With your unifying philosophy where does it stop really? All former Roman provinces speaking a unified descendent of latin? But in that case why stop there? Wouldn't it be better if all germanic tribes spoke unified proto-germanic? Or all slavics unified proto-slavic? Or to go even further... wouldn't it be absolutely brilliant if the whole European continent spoke a common version of Proto-IndoEuropean from which all European languages stem from?

haku
28-01-2006, 17:39
With your unifying philosophy where does it stop really? All former Roman provinces speaking a unified descendent of latin? But in that case why stop there? Wouldn't it be better if all germanic tribes spoke unified proto-germanic? Or all slavics unified proto-slavic? Or to go even further... wouldn't it be absolutely brilliant if the whole European continent spoke a common version of Proto-IndoEuropean from which all European languages stem from?Actually yeah, i think that would have been brilliant indeed. Being able to understand each other from Moscow to Lisbon, i can see only positive things in that, i think that would have been a great asset for Europe, the more people understand each other the better.
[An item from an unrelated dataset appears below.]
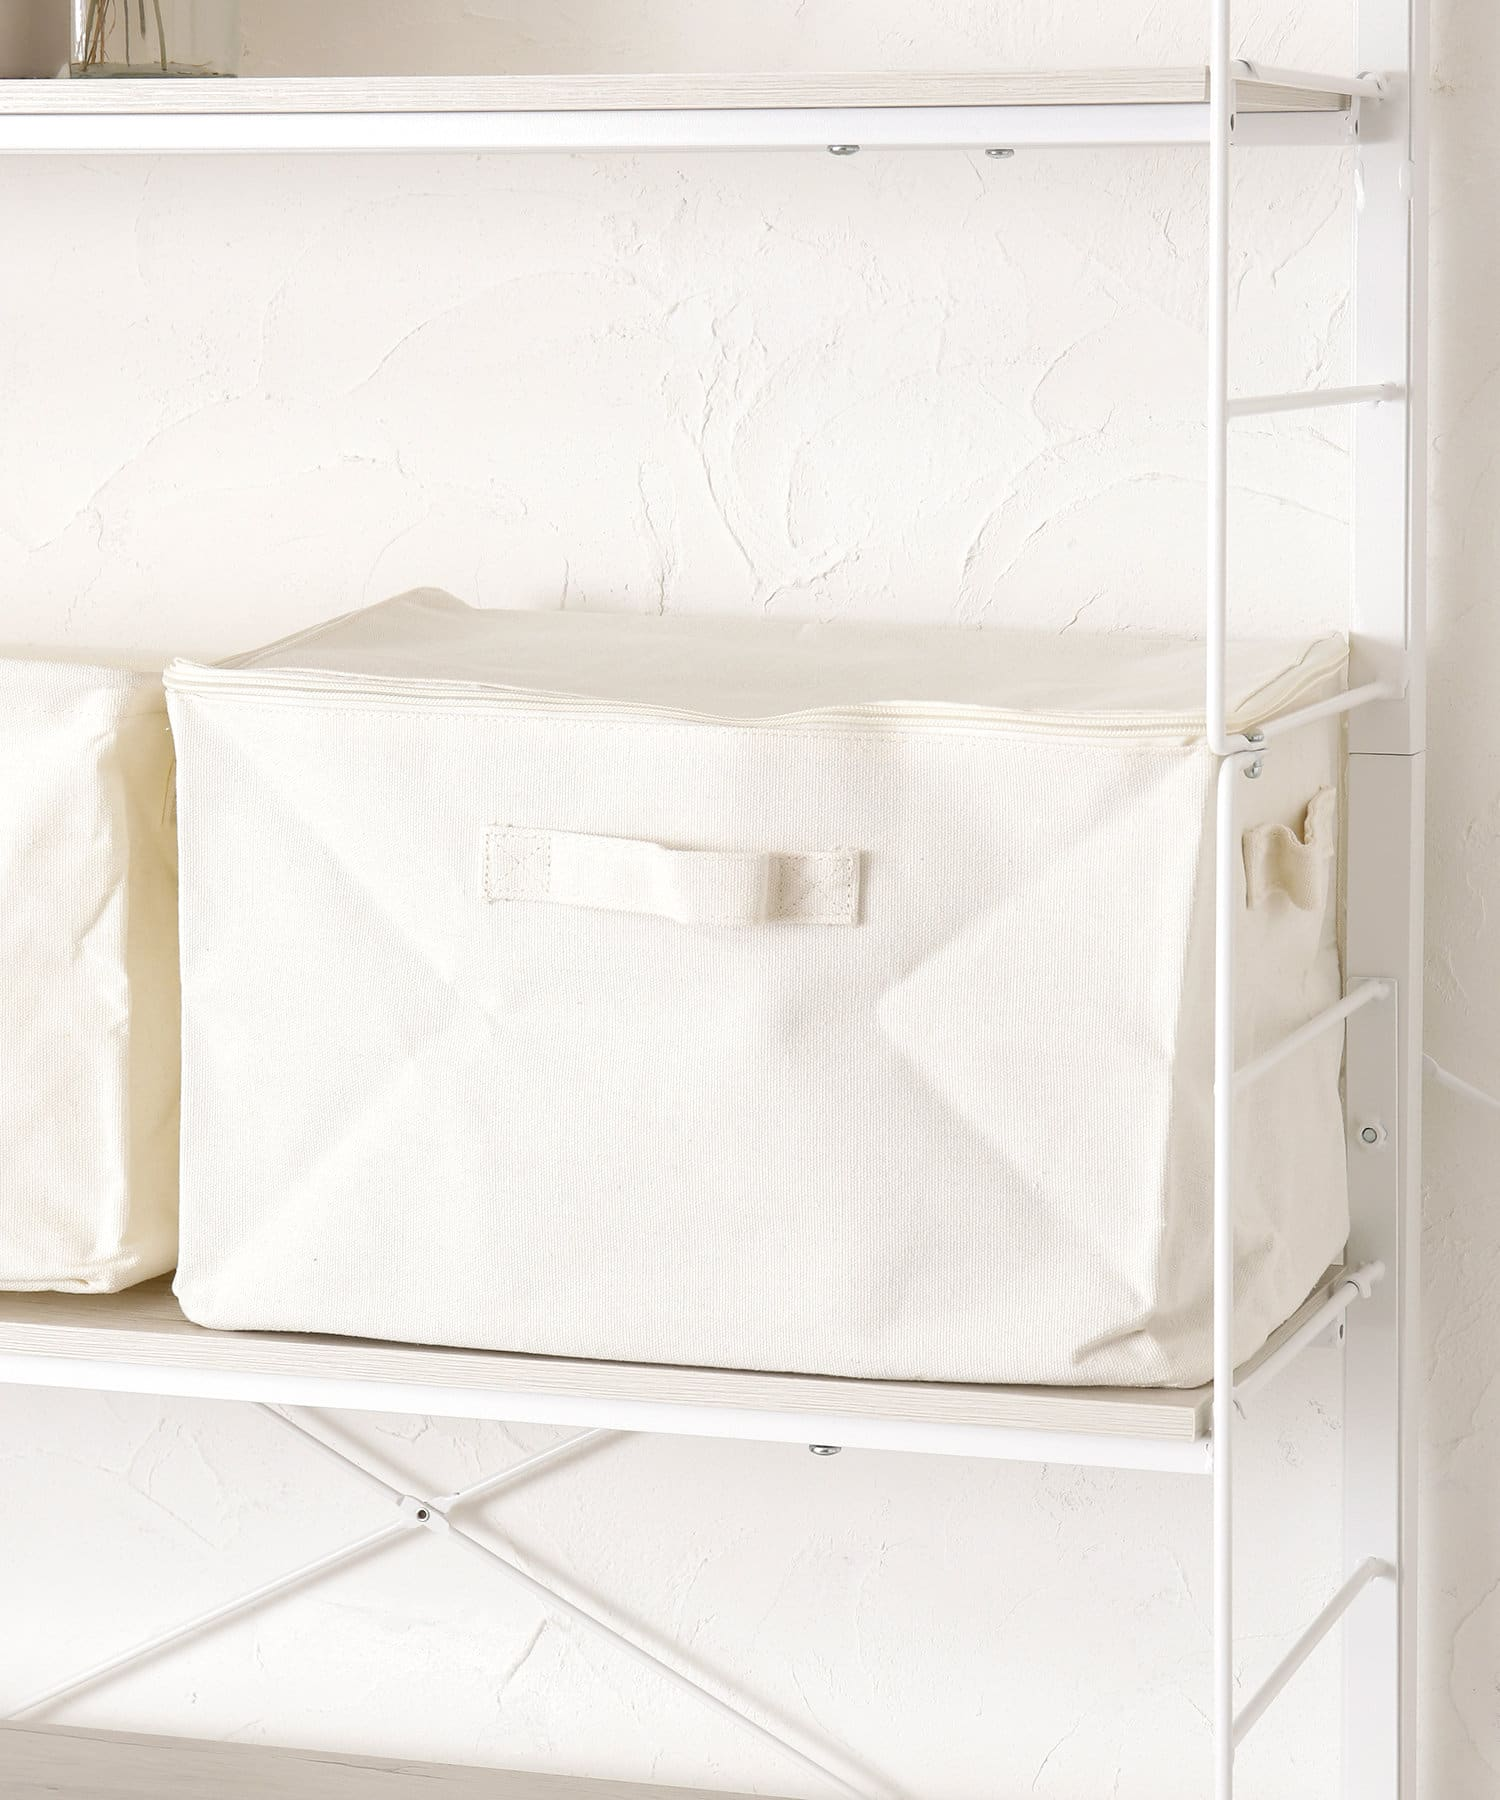 3COINS(スリーコインズ) ライフスタイル コットンフタ付ワイド収納ボックス アイボリー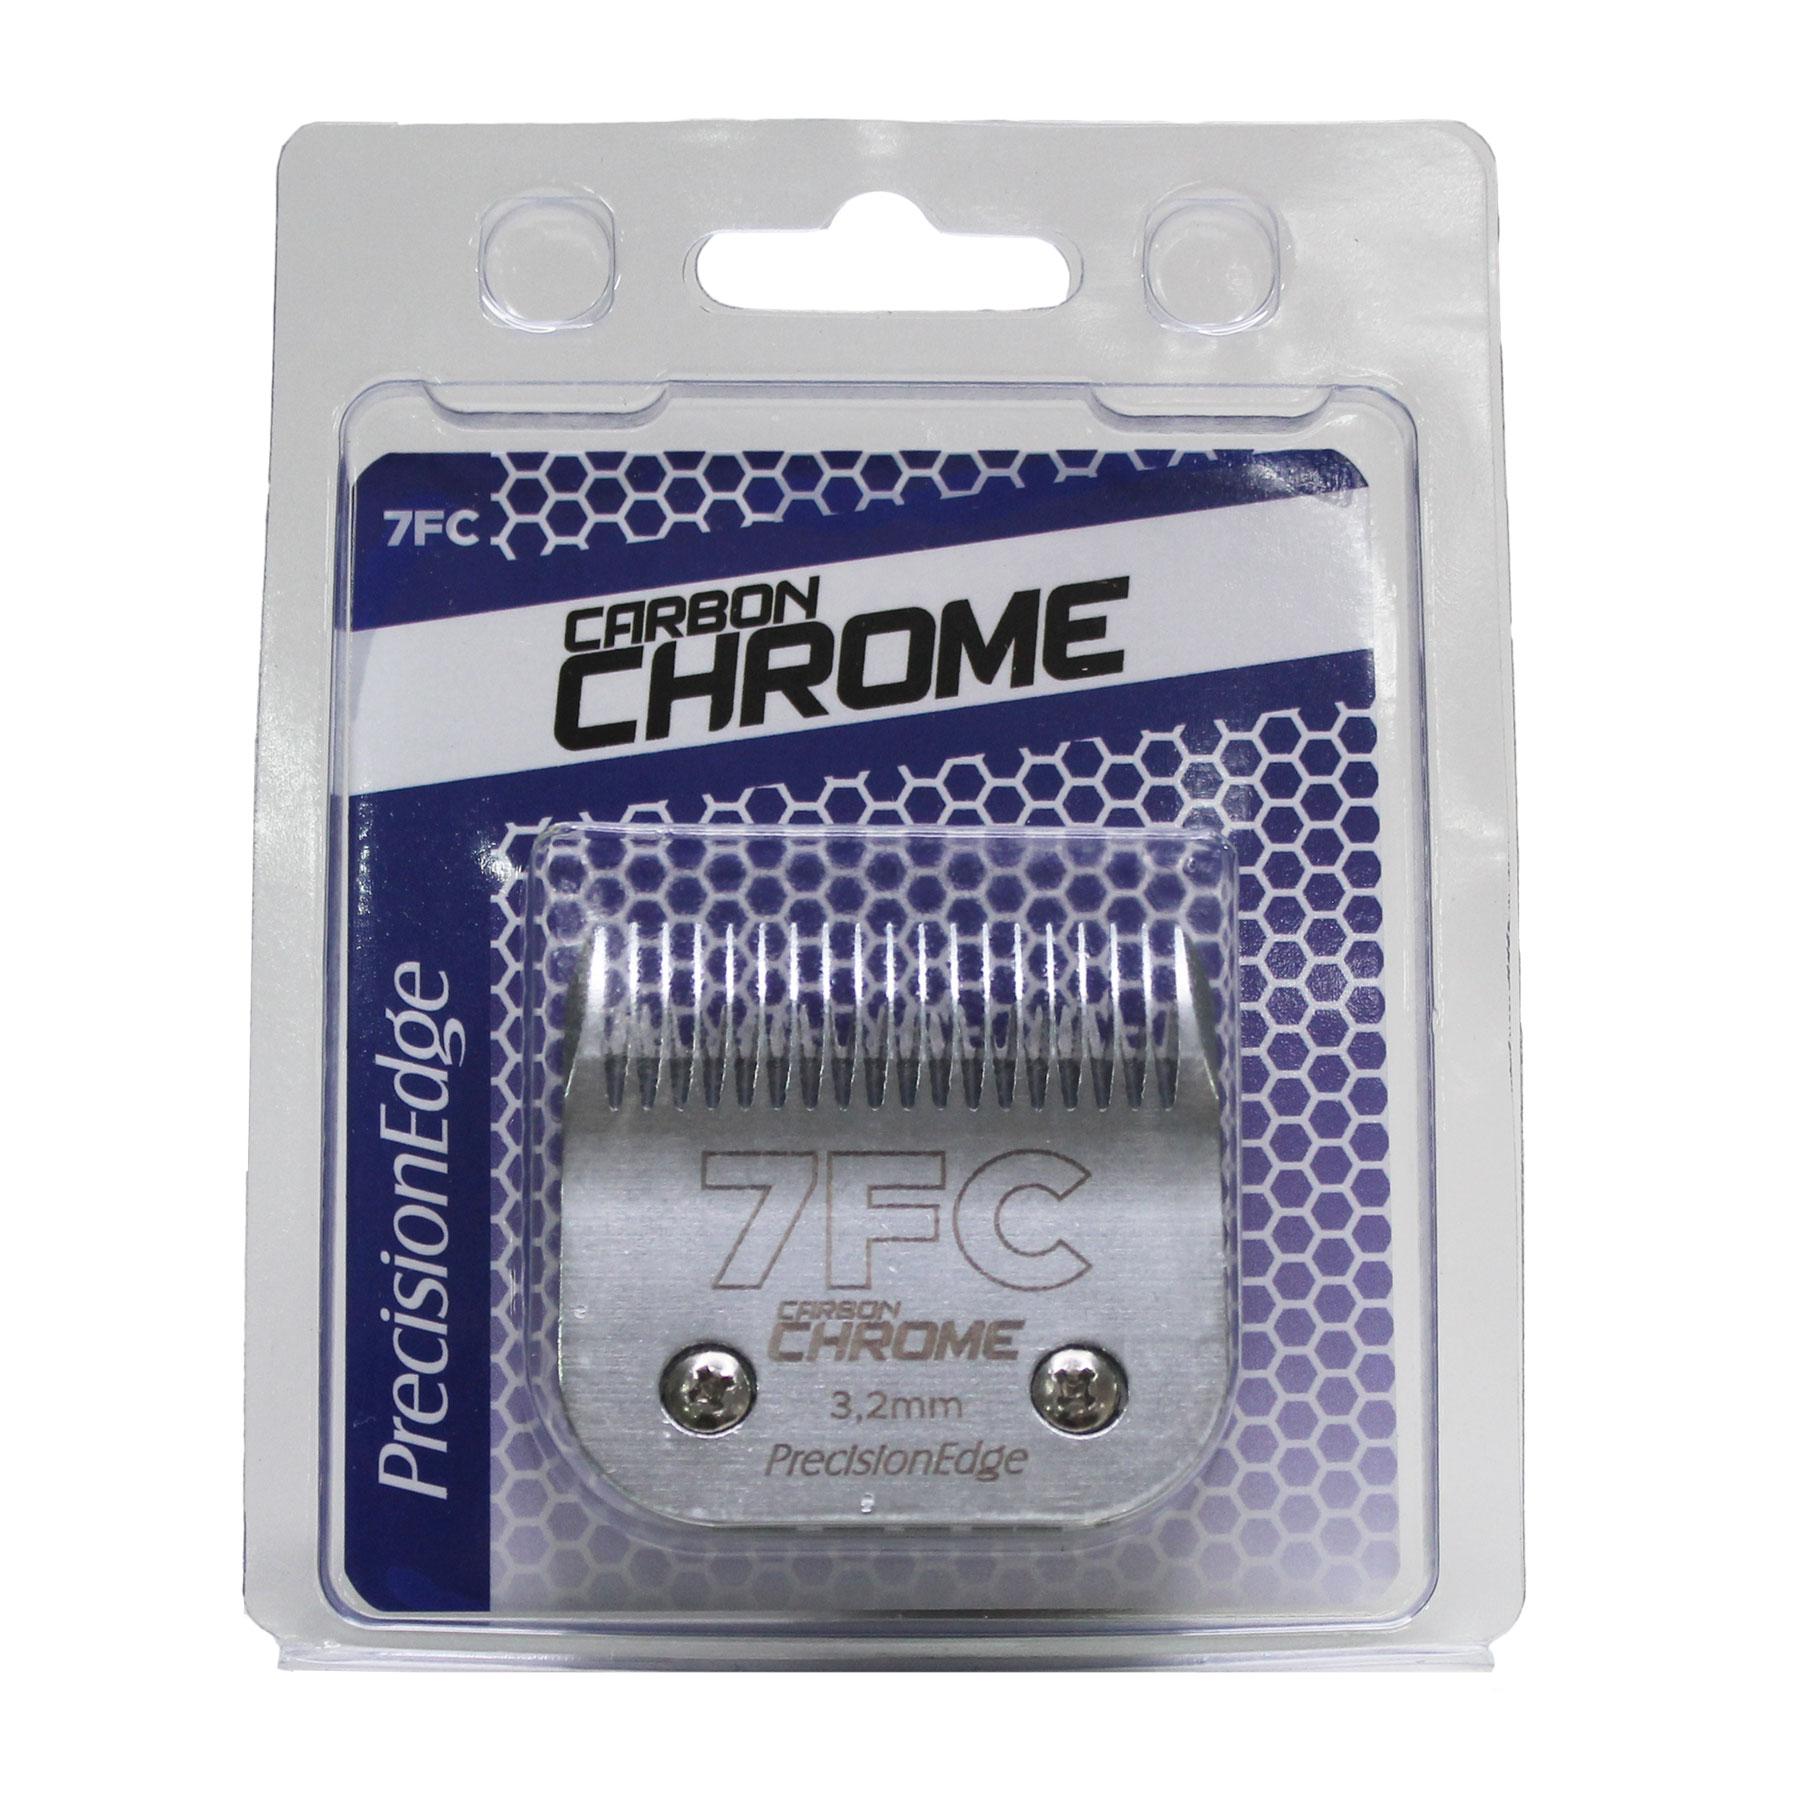 Lâmina Precision Edge Carbon Chrome 7FC - 3,2mm

That doesn't mean that i am against evolution or a conservative, far from it, lol. Proto-Indo-European was an extremely complicated language with many declensions (http://en.wikipedia.org/wiki/Proto-Indo-European_language#Noun) (8 cases, 3 numbers, 3 genders) and a rich verbal system (http://en.wikipedia.org/wiki/Proto-Indo-European_language#Verb). Proto-Indo-European was also a very synthetic (http://en.wikipedia.org/wiki/Synthetic_language) language, a characteristic that all Indo-European languages will progressively abandon to become less and less synthetic and more and more analytic (http://en.wikipedia.org/wiki/Analytic_language), which is a fascinating process (the extreme case being English itself which has become much more analytic than synthetic, some linguists think that English may very well become fully analytic - like Chinese - in a future evolution).

So Proto-Indo-European was much more complicated than any of its daughter languages and i certainly don't wish that it had remained that way until modern days, Proto-Indo-European was complicated because it had developed during prehistorical times and was the result of a more archaic stage of human development. The apparition of civilization and of more complex thoughts will cause the language to evolve and become more efficient, less complicated in form and more sophisticated in substance.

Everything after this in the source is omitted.